The second key factor to notice is that, after the closure of the cracker at Wilton (now owned by Saudi firm Sabic) and the ExxonMobil plant at Mossmorran in Fife, Grangemouth is the final plant standing. Whereas the refinery not makes use of North Sea oil and fuel, as an alternative delivery in ethane from the US, it nonetheless makes its personal ethylene.
So when INEOS started consulting on plans to shut that ethylene cracker, officers down south in Westminster started to panic. The issue wasn’t simply the five hundred or so jobs which may have been misplaced in Grangemouth. It was the domino impact that will feed all through the sector. Impulsively, all these crops on the different ends of the pipeline can be affected too. In follow, the closure may need eventuated in additional than a thousand job losses – perhaps extra.
What’s occurring now?
All of which helps clarify the information in the present day – that the Division for Enterprise and Commerce is placing greater than £120m of taxpayer cash into the location. The bailout (it is exhausting to see it as something however) will not be the primary. The federal government has additionally put a whole bunch of thousands and thousands of kilos of taxpayer cash into British Metal, which it quasi-nationalised earlier this 12 months, to not point out additional money into Tata Metal at Port Talbot and mortgage ensures to assist Jaguar Land Rover after it confronted an unprecedented cyber assault.
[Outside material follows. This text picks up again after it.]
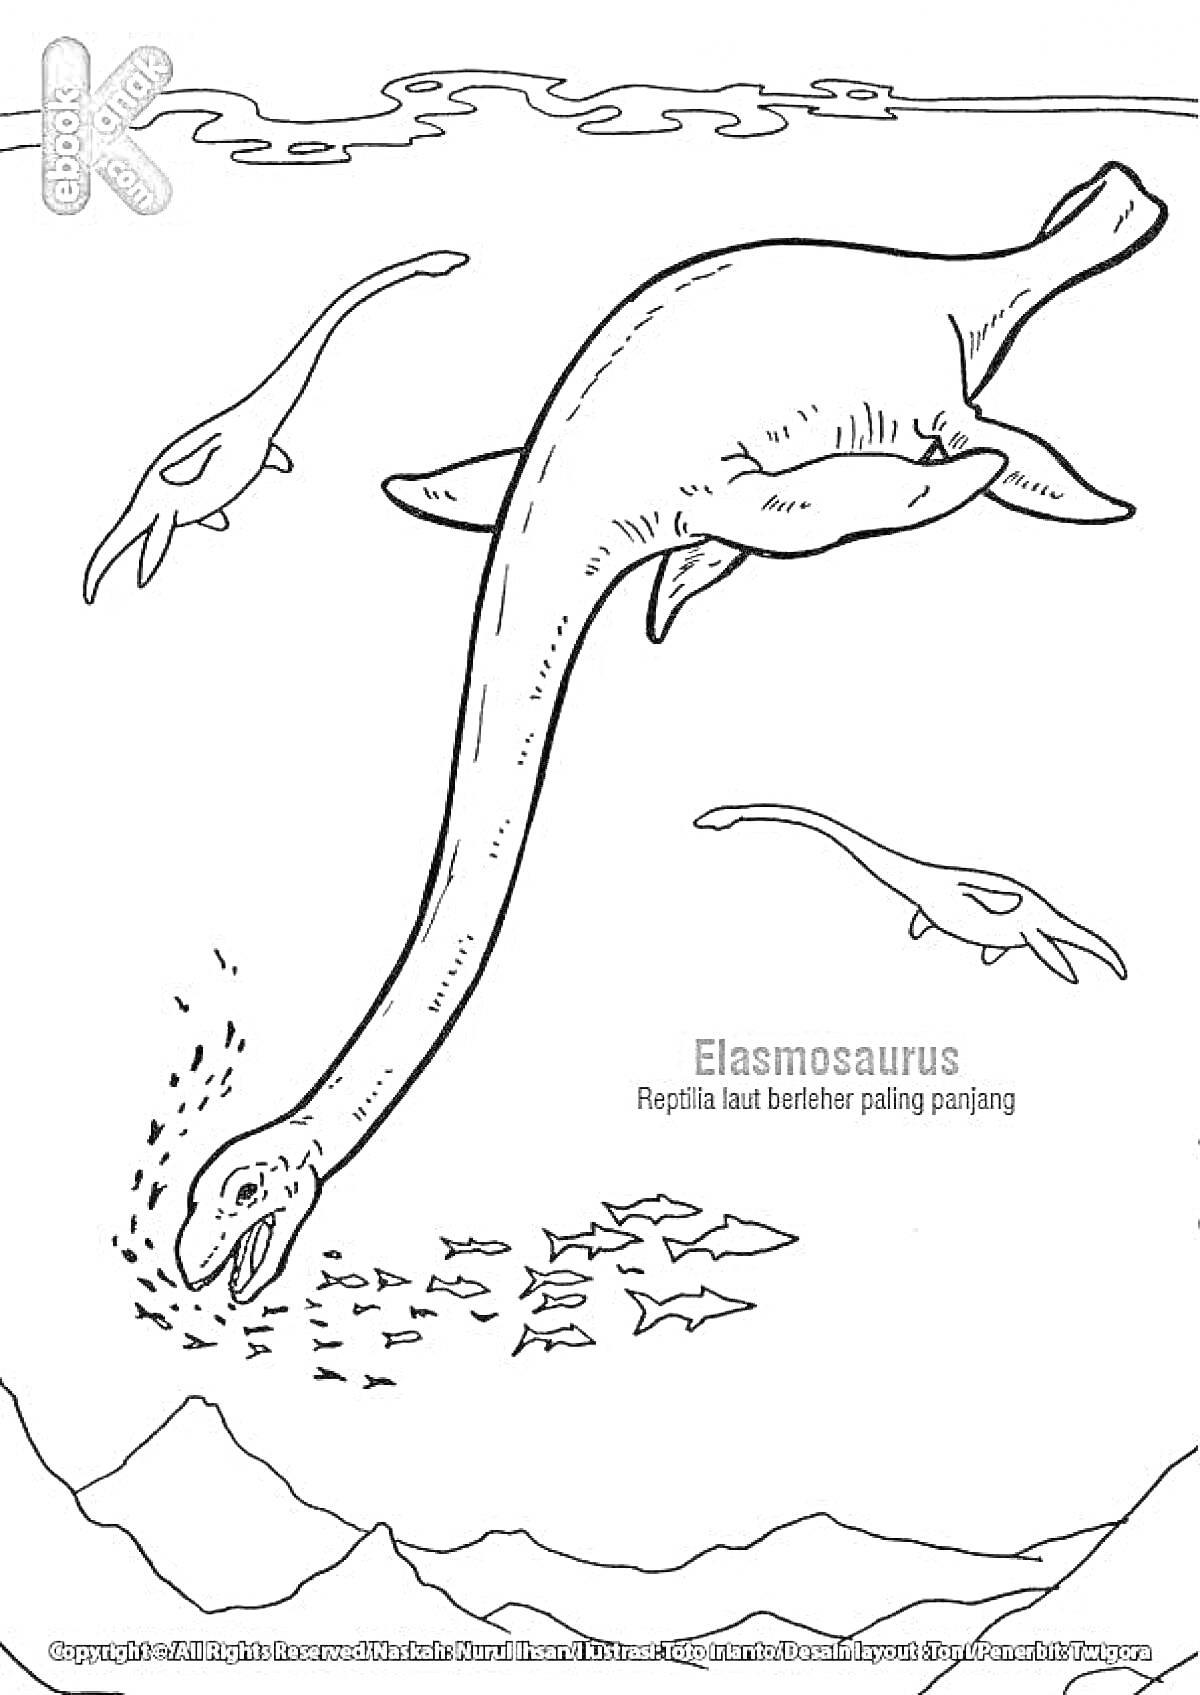 Раскраска Эласмозавр плавает в море с рыбами и другой морской живностью на фоне гор и облаков.

However whereas this package deal will undoubtedly present Christmas cheer right here in Grangemouth in the present day, the federal government is left going through two distinct issues.
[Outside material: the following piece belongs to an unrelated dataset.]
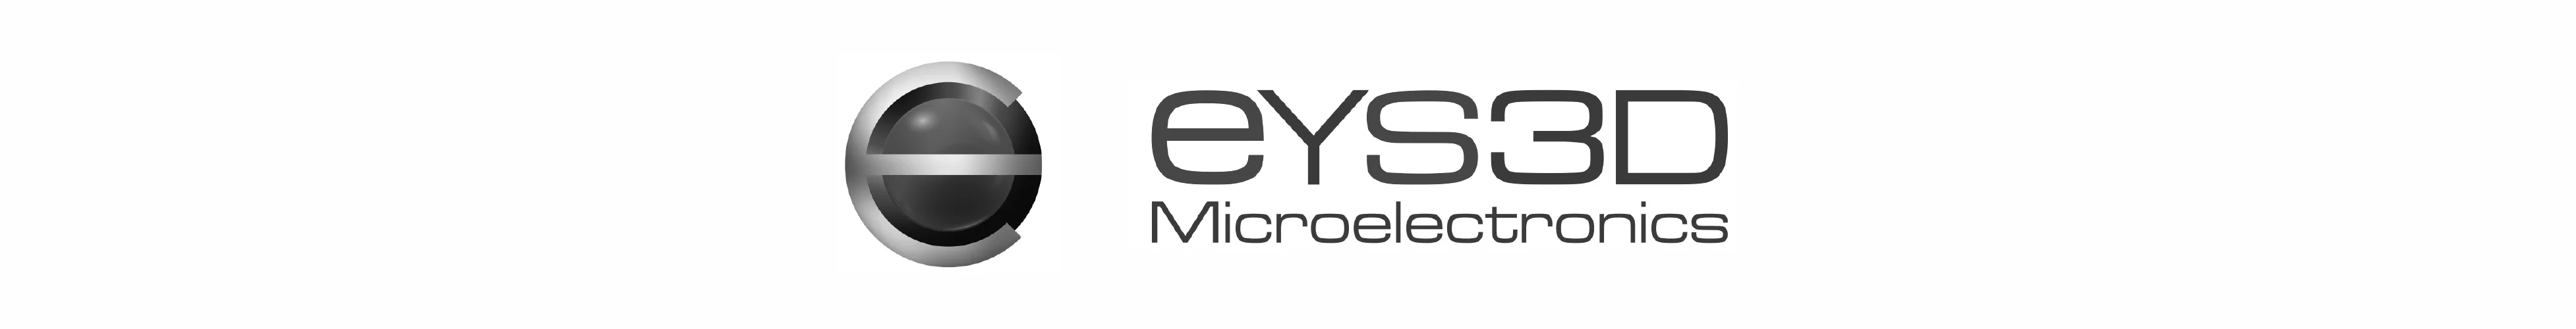 eYS3D_logo

Reactive somewhat than strategic
The primary is that for all that the chancellor and enterprise secretary (who’re themselves planning to go to Grangemouth in the present day) are eager to pitch this newest transfer as a coherent a part of their industrial technique, it is exhausting to not see it as one thing else. Removed from showing strategic, as an alternative they appear reactive. To the extent that they’ve a coherent industrial technique, it principally appears to contain forking out public cash when a given plant is near closure. In the event that they weren’t already, Britain’s industrialists will in the present day be questioning to themselves: what wouldn’t it take to get ourselves a few of this cash in future?
The disaster continues
The second concern is that the Grangemouth bailout may be very unlikely to finish the disaster spreading throughout Britain’s chemical substances sector. A collection of crops – some outstanding, others much less so – have closed up to now few years. The chemical substances sector – as soon as some of the necessary within the financial system – has seen its financial output drop by greater than 20% up to now three years alone.
This isn’t only a UK-specific story. One thing comparable is going on throughout a lot of Europe. However for a lot of chemical substances corporations, it merely would not add as much as make investments and construct within the UK any extra – a product in a part of laws and in a part of excessive power prices. Briefly, this story is not over but. There will probably be extra twists and turns to return.